Bashō was born Matsuo Kinsaku around 1644, somewhere near Ueno in Iga Province. His father may have been a low-ranking samurai, which would have promised Bashō a career in the military but not much chance of a notable life. It was traditionally claimed by biographers that he worked in the kitchens. However, as a child Bashō became a servant to Tōdō Yoshitada, who shared with Bashō a love for haikai no renga, a form of cooperative poetry composition. The sequences were opened with a verse in the 5-7-5 mora format; this verse was named a hokku, and would later be renamed haiku when presented as stand-alone works. The hokku would be followed by a related 7-7 addition by another poet. Both Bashō and Yoshitada gave themselves haigō, or haikai pen names; Bashō's was Sōbō, which was simply the on'yomi reading of his samurai name of Matsuo Munefusa. In 1662 the first extant poem by Bashō was published; in 1664 two of his hokku were printed in a compilation, and in 1665 Bashō and Yoshitada composed a one-hundred-verse renku with some acquaintances.

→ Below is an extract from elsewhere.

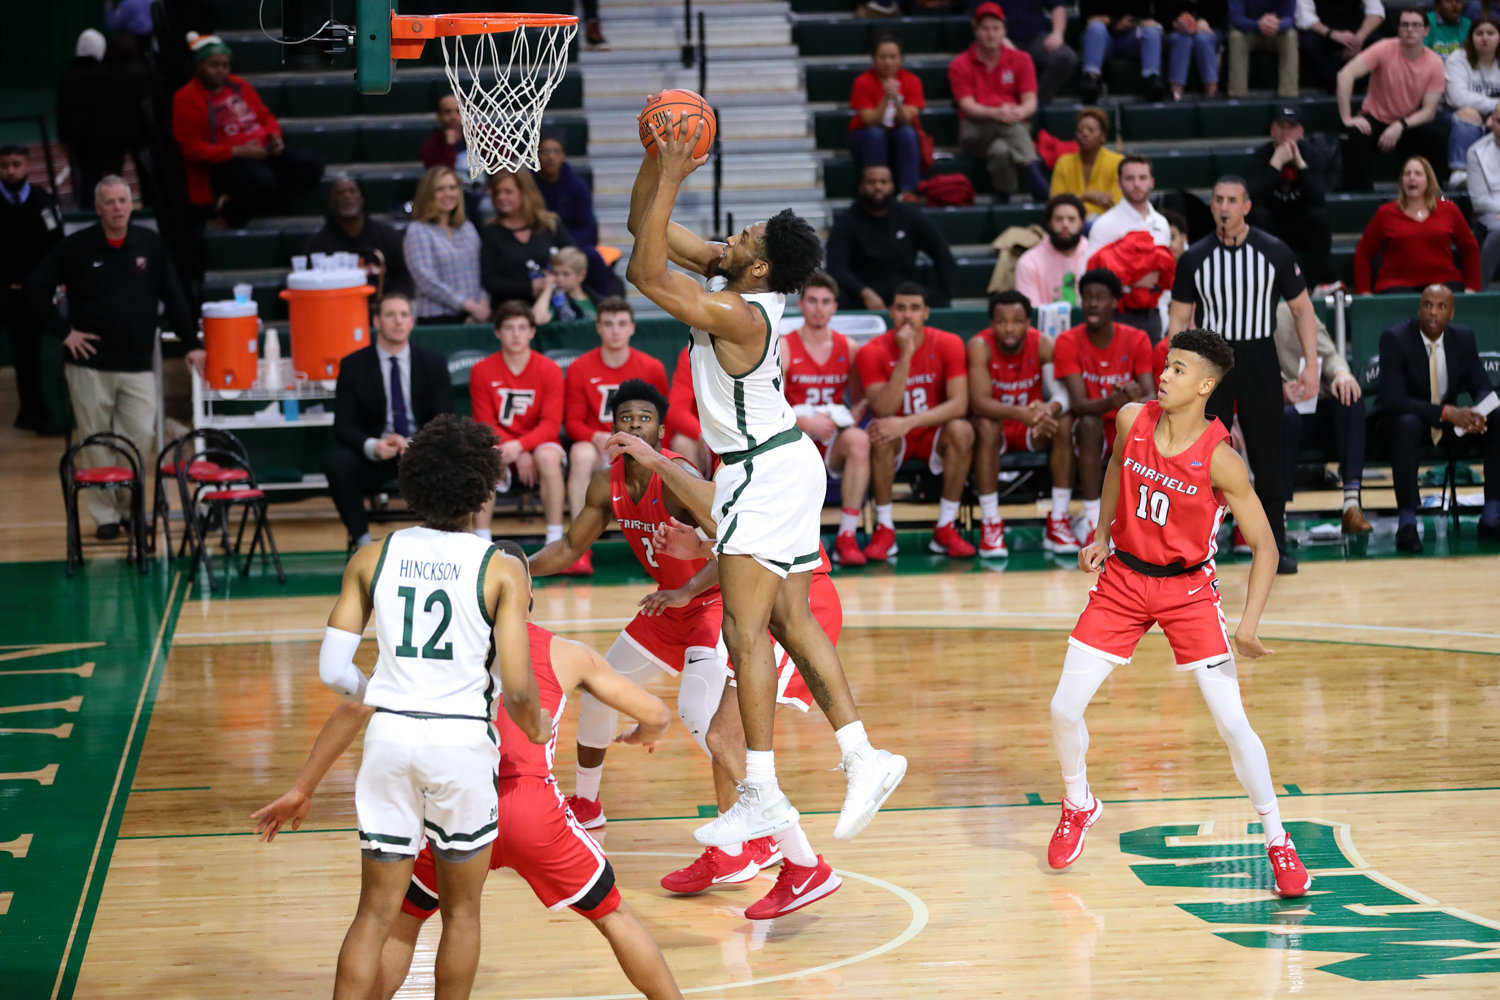 Manhattan’s Pauly Paulicap scored 11 points and pulled down nine rebounds, but it wasn’t enough to prevent the Jaspers from suffering a 66-50 loss to Fairfield last Friday night.

Yoshitada's sudden death in 1666 brought Bashō's peaceful life as a servant to an end. No records of this time remain, but it is believed that Bashō gave up the possibility of samurai status and left home. Biographers have proposed various reasons and destinations, including the possibility of an affair between Bashō and a Shinto miko named Jutei, which is unlikely to be true. Bashō's own references to this time are vague; he recalled that "at one time I coveted an official post with a tenure of land", and that "there was a time when I was fascinated with the ways of homosexual love", but there is no indication whether he was referring to real obsessions or even fictional ones. He was uncertain whether to become a full-time poet; by his own account, "the alternatives battled in my mind and made my life restless". His indecision may have been influenced by the then still relatively low status of renga and haikai no renga as more social activities than serious artistic endeavors. In any case, his poems continued to be published in anthologies in 1667, 1669, and 1671, and he published his own compilation of work by him and other authors of the Teitoku school, Seashell Game, in 1672. In about the spring of that year he moved to Edo, to further his study of poetry.

On his return to Edo in the winter of 1691, Bashō lived in his third bashō hut, again provided by his disciples. This time, he was not alone; he took in a nephew and his female friend, Jutei, who were both recovering from illness. He had a great many visitors.